Достоверность «Человека-невидимки» необыкновенная. Здесь все наглядно и осязаемо. И от этого становится особенно интересным. Мы вместе с бродягой Марвелом рассматриваем пожертвованные ему башмаки с вниманием, с каким никогда, быть может, не рассматривали собственные. Чему тут удивляться — ведь это главная принадлежность его, так сказать, «спецодежды»! Мы с не меньшим удивлением, чем сами герои, замечаем вдруг стакан, повисший в воздухе, и револьвер, движущийся в сторону дома, осажденного невидимкой. Мы наблюдаем, как Гриффин курит, и для нас, как на уроке анатомии, обозначается его носоглотка. Для нас оказывается необыкновенно занимательным, как человек снимает рубашку, поскольку ничто не отвлекает нашего внимания — ее снимают с невидимого тела. Мы видим в каждый из этих моментов что-то одно — стакан, револьвер, причудливые изгибы табачного дыма, рубашку. И так во всем. Впоследствии, когда создавалась английская кинематография, Уэллс занял заметное место в этом новом виде искусства. Но приемы кино можно найти у него задолго до того, как он впервые посмотрел первый в своей жизни фильм. Прежде всего тот прием, который кинематографисты называют «крупным планом». В «Человеке-невидимке» этот прием оказался особенно нужен. Фантастическое здесь доказывается через реальное. Через подчеркнуто реальное. «У Герберта Уэллса увидеть — значит поверить, но здесь мы верим даже в невидимое»,— заметил о «Человеке-невидимке» один английский критик.

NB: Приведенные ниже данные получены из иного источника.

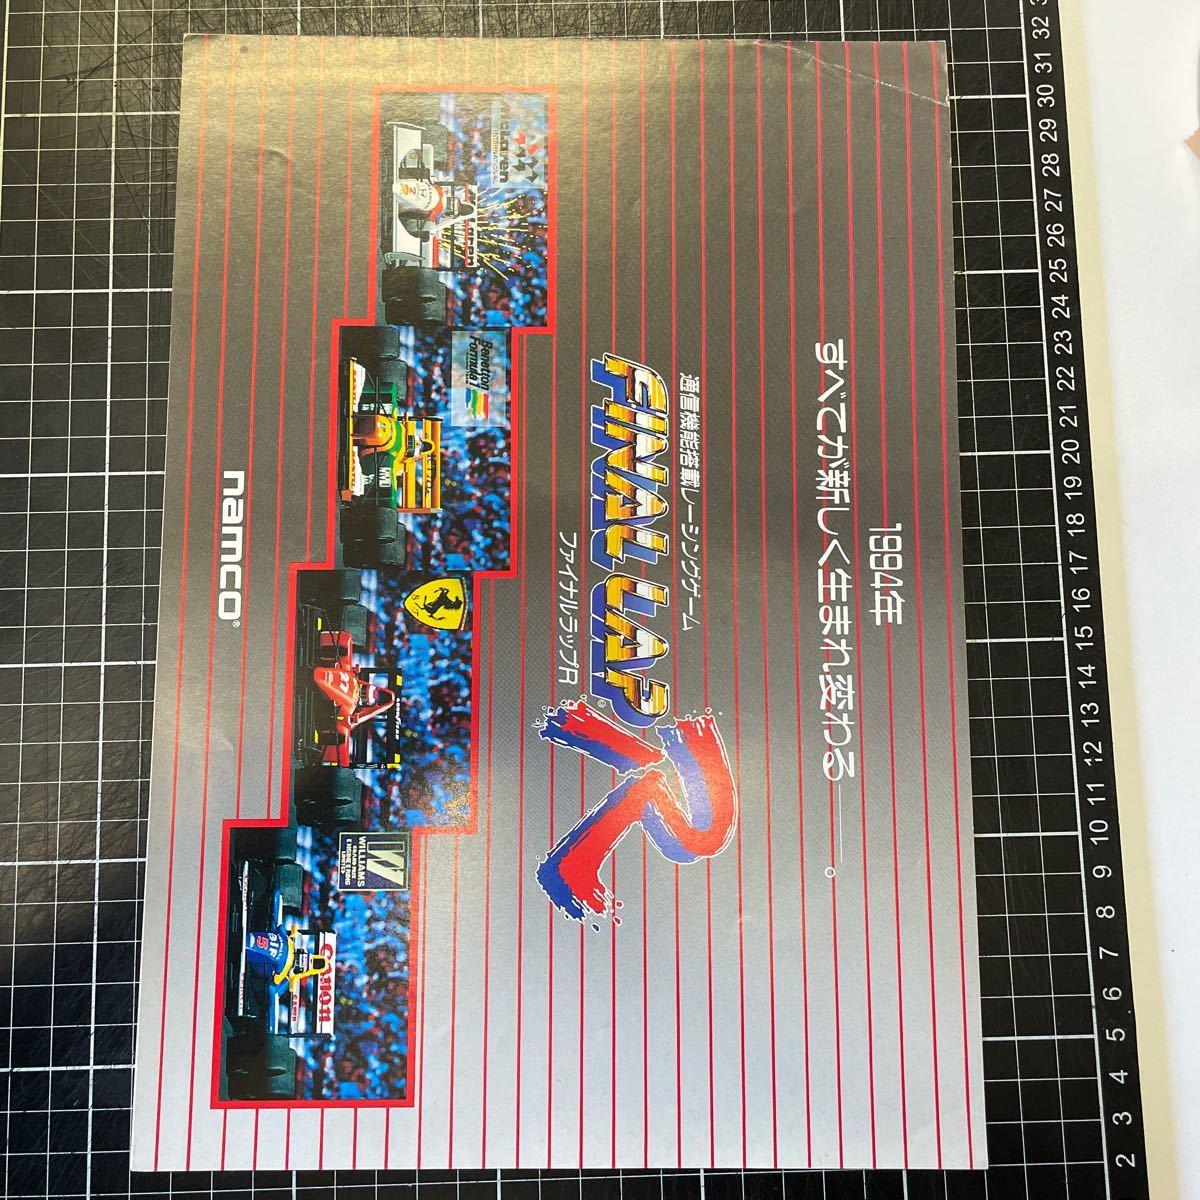 No.908 アーケードゲーム namco 1994年 通信機能搭載レーシングゲーム FINALL LAP R 業務用 非売品 カタログ ナムコ ファイナルラップR_画像1

Сказка это или добротное реалистическое повествование?
Во всяком случае, фантастическая посылка разработана совершенно реалистическими средствами. Здесь показано все, что нужно, доказано все, что возможно.
И потом, разве сказочным героям приходилось когда-нибудь так туго? Шапка-невидимка русских сказок или плащ-невидимка германского эпоса сразу избавляли своего обладателя от всех хлопот и придавали ему необыкновенное преимущество перед всеми. Гриффин живет в ином мире — реальном. Ему все время что-то мешает, планы его срываются. Он не успевает подготовить себе невидимую одежду и дрожит от холода, шлепая босиком по грязным лондонским улицам и оставляя за собой следы, которые сразу же привлекают к себе внимание мальчишек; он простужен и ежеминутно выдает себя громким чиханием. Осуществить свое превращение ему пришлось раньше времени, и он теперь не знает, как снова стать видимым, а именно об этом он теперь мечтает больше всего...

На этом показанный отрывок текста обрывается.